La forme mescroyans 351/11 (en face de mescreans 1/26, 10, 15, 87/27, 351/11) est analogique de l’infinitif mescroire.

Mais les formes suivantes sont ambiguës : fayé (adj.) 33/3, 154/14, 484/20 (mais faee(s) 1/44, 451/3), faes (p.p. f.) 452/3, fayee (n.f.) 33/3 (mais fae 447/7, 450/2, 5, etc., soit 35 occ.), faie 449/27 / faye 443/3, Faierie 474/3, baye 221/2 : i/y peuvent être des signes purement graphiques pour séparer les deux voyelles en hiatus ou bien former une diphtongue avec a (graphie inverse).

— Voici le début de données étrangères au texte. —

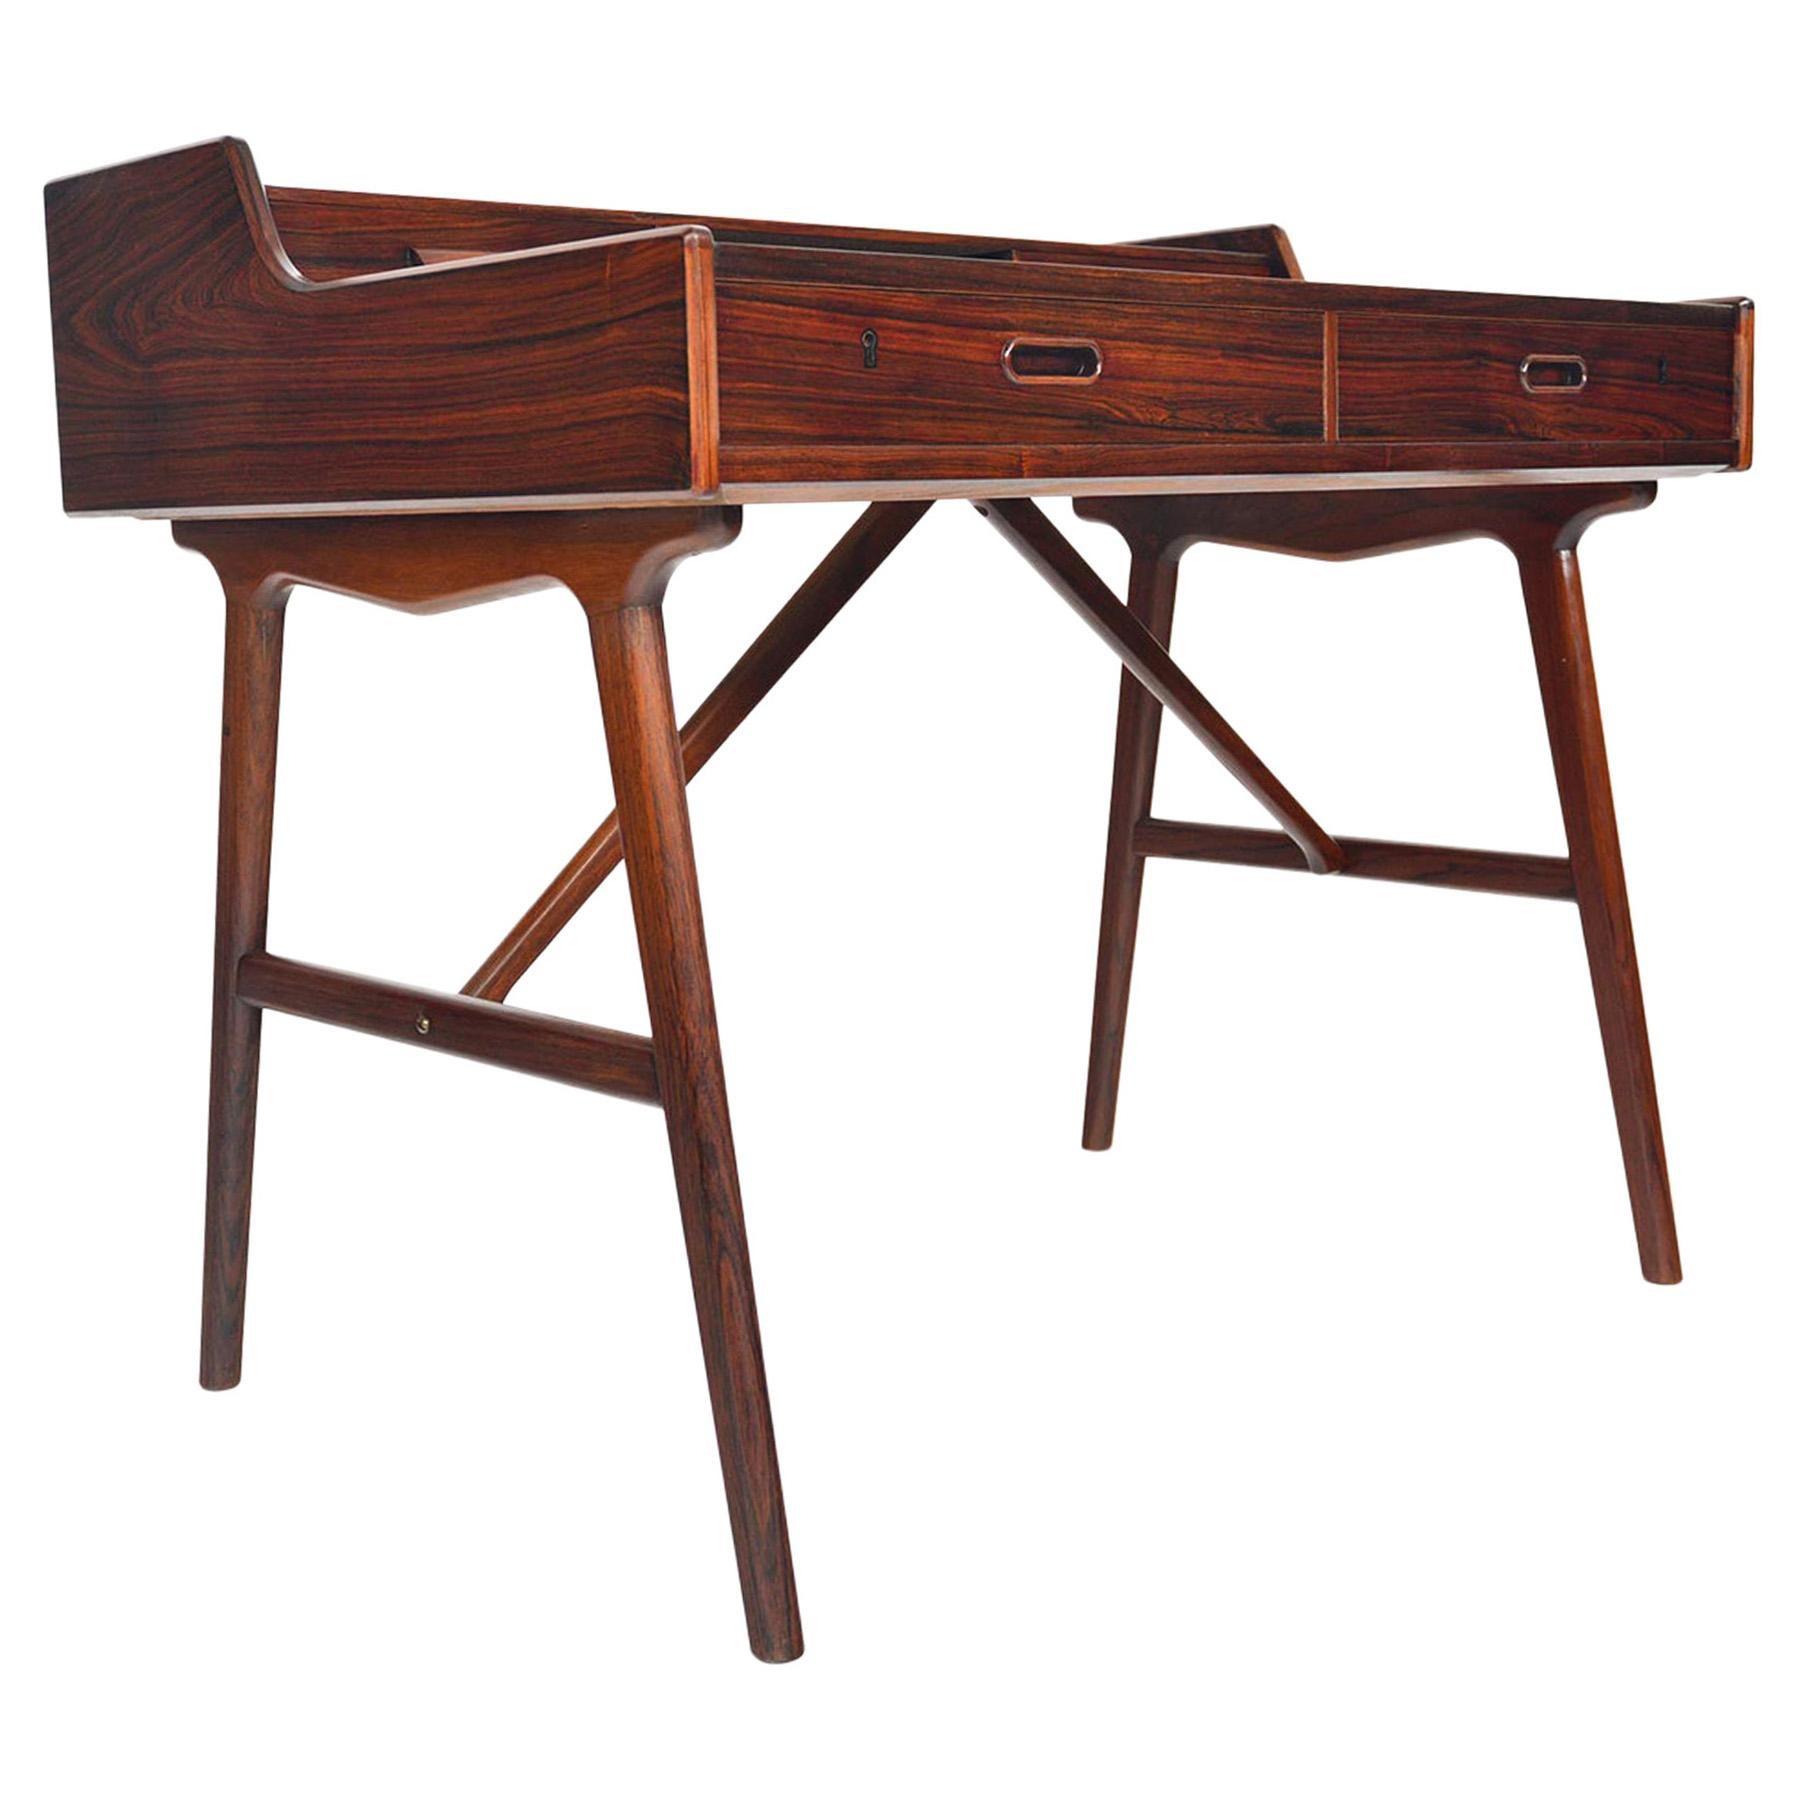 Arne Wahl Iversen Model 64 Desk in Rosewood

Pour l’insertion du h avec ce rôle diacritique, voir infra.

¤ Rétablissement du v étymologique entre les deux voyelles en hiatus dans

espouvantez 108/17. Il aurait donc été possible de transcrire v au lieu de u dans

espouanté 148/7, 421/1, espouenté 194/17, 407/11, 445/6, etc., soit 5 occ, et

tresepouantee 391/17, s’il n’y avait eu la forme espoenté 114/19117.

116 Cf. M. WILMOTTE, p. 63, n° 29 ; R. MANTOU, p. 144 ; A. GOOSSE, § 1, A, 1, c, 2°. Voir aussi G. HASENOHR, p. 450 ; M.-Cl. de CRÉCY, Hélène, p. CXVIII.